The paper presents a practical implementation of a polynomial‑time algorithm for testing total unimodularity (TU) of 0, ±1 matrices, together with two related properties—unimodularity and strong unimodularity. Total unimodularity is a structural condition guaranteeing that every linear program with such a constraint matrix has an integral optimal solution, and it appears in network flow, matching, scheduling, and many other combinatorial optimization problems. Historically, TU testing relied on sophisticated theoretical tools such as Seymour’s decomposition theorem or Truemper’s matroid‑graph approach. While these methods are polynomial in theory, their implementations are intricate, involve deep recursive decompositions, and can be computationally heavy in practice.

The authors adopt a simplified version of a known polynomial test that translates the matrix into a bipartite graph and checks a small set of combinatorial conditions. The algorithm proceeds in four main steps: (1) verify that every entry belongs to {0, ±1} and record the non‑zero pattern; (2) ensure that each row and column contains at most two non‑zero entries—if any exceed this bound the matrix is immediately declared non‑TU; (3) construct a bipartite graph where rows and columns are vertices and each non‑zero entry becomes an edge; (4) locate all 2‑regular subgraphs (i.e., cycles) and test whether each cycle is of even length, which is equivalent to checking that the subgraph is bipartite. The cycle‑parity test is performed with a standard BFS/DFS bipartiteness check. The overall worst‑case time complexity is O(m·n·min(m,n)), where m and n are the numbers of rows and columns, respectively. In practice the authors achieve a lower constant factor by using adjacency‑list representations and the Boost Graph Library (BGL).

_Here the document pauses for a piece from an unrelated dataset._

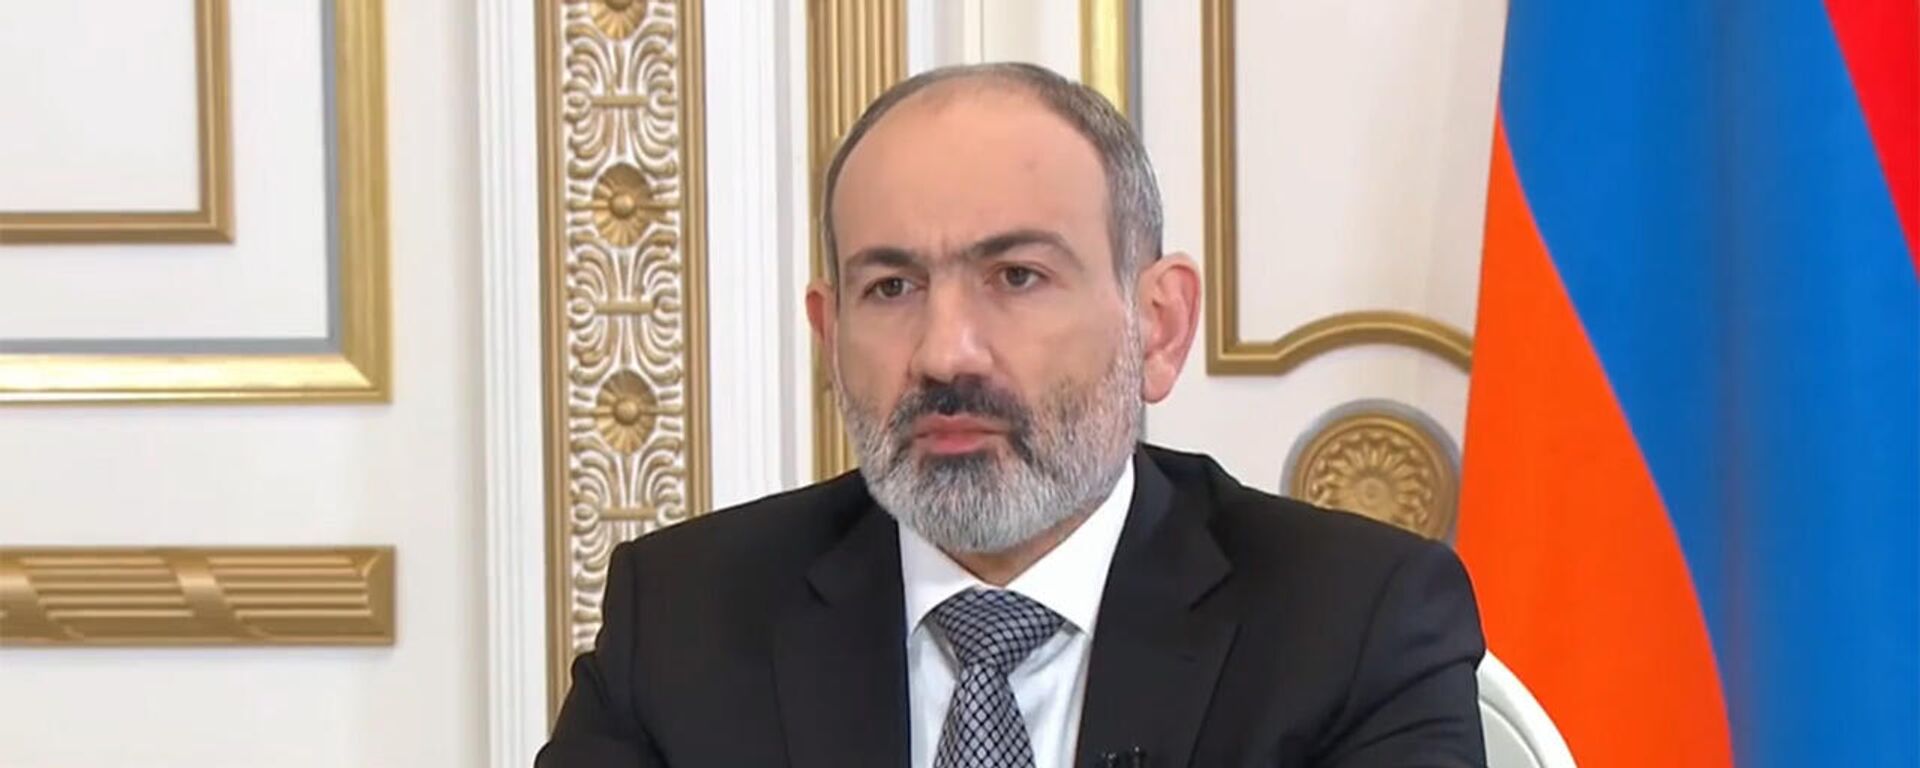 Премьер-министр Никол Пашинян отвечает на вопросы СМИ в прямом эфире - Sputnik Армения, 1920, 26.12.2021
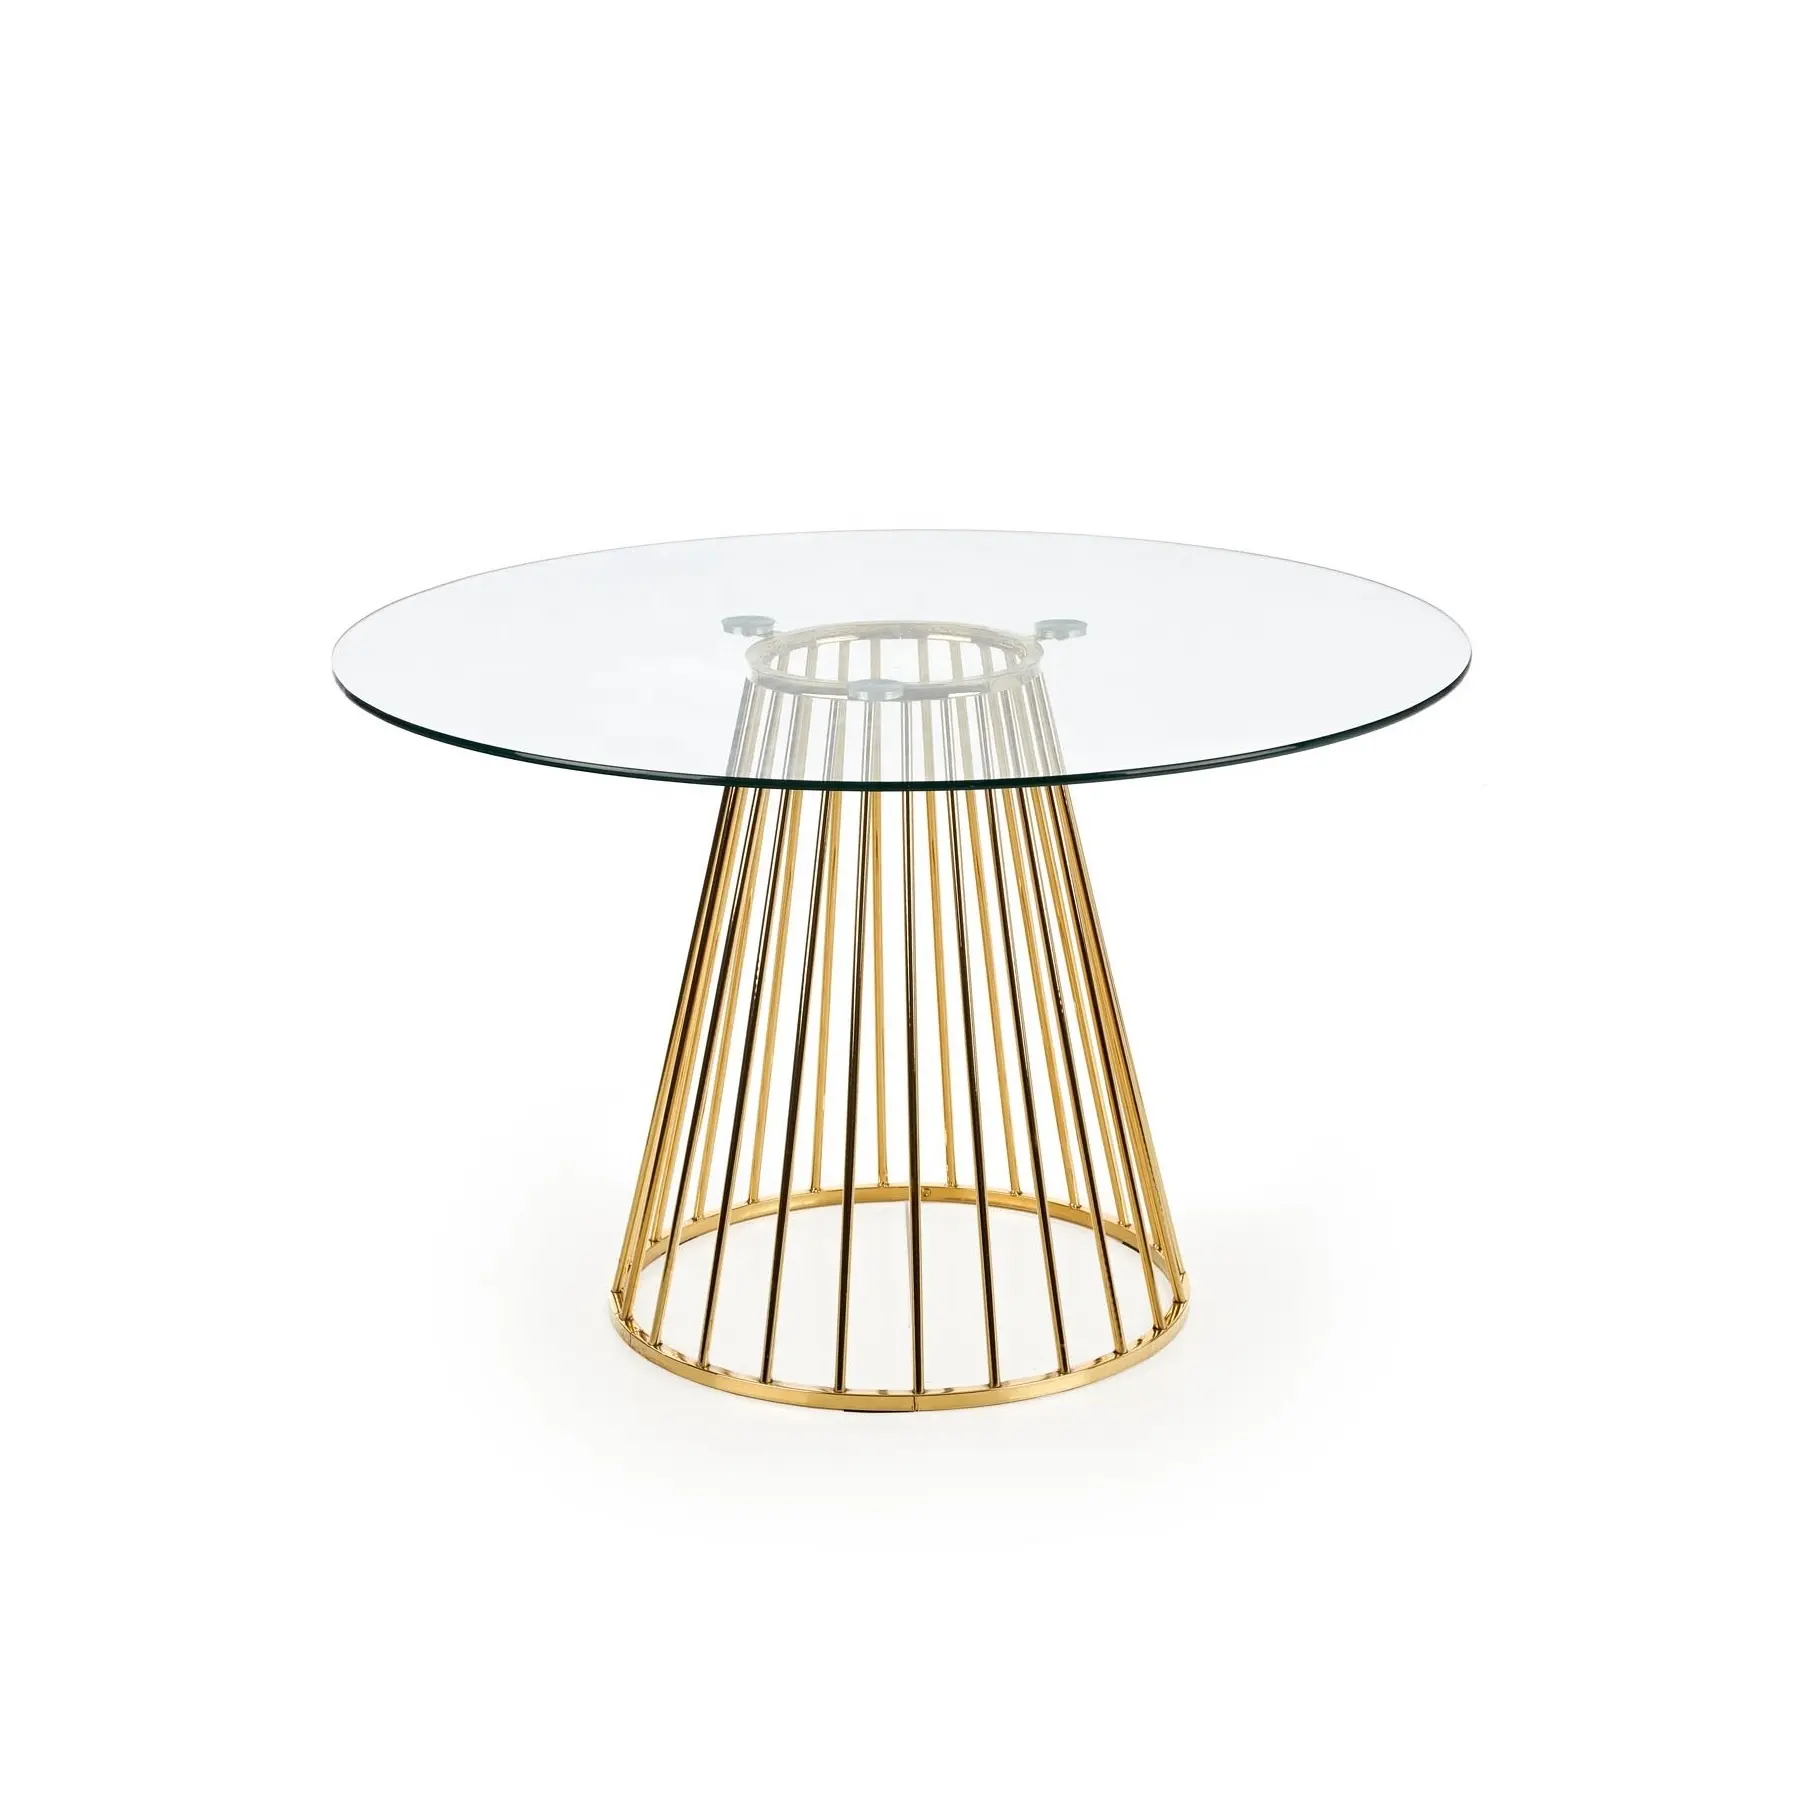 Moderno único elegante claro redondo vidrio oro piernas mesa de comedor de muebles de Metal

Beyond TU, the software also decides (i) unimodularity, which requires only the degree‑bound test because a matrix with all subdeterminants equal to ±1 automatically satisfies the degree condition, and (ii) strong unimodularity, which asks whether the matrix remains unimodular after any row or column permutation. The strong‑unimodularity test is implemented by re‑using the same graph structure and performing a limited set of simulated swaps, avoiding a full recomputation.

Implementation details are thoroughly described. The code is written in modern C++ (C++14) and depends on Boost libraries for graph handling and command‑line parsing. It is released under the Boost Software License, allowing unrestricted commercial and academic use. The command‑line interface accepts common matrix formats (Matrix Market, CSV) and reports the three property decisions together with timing information.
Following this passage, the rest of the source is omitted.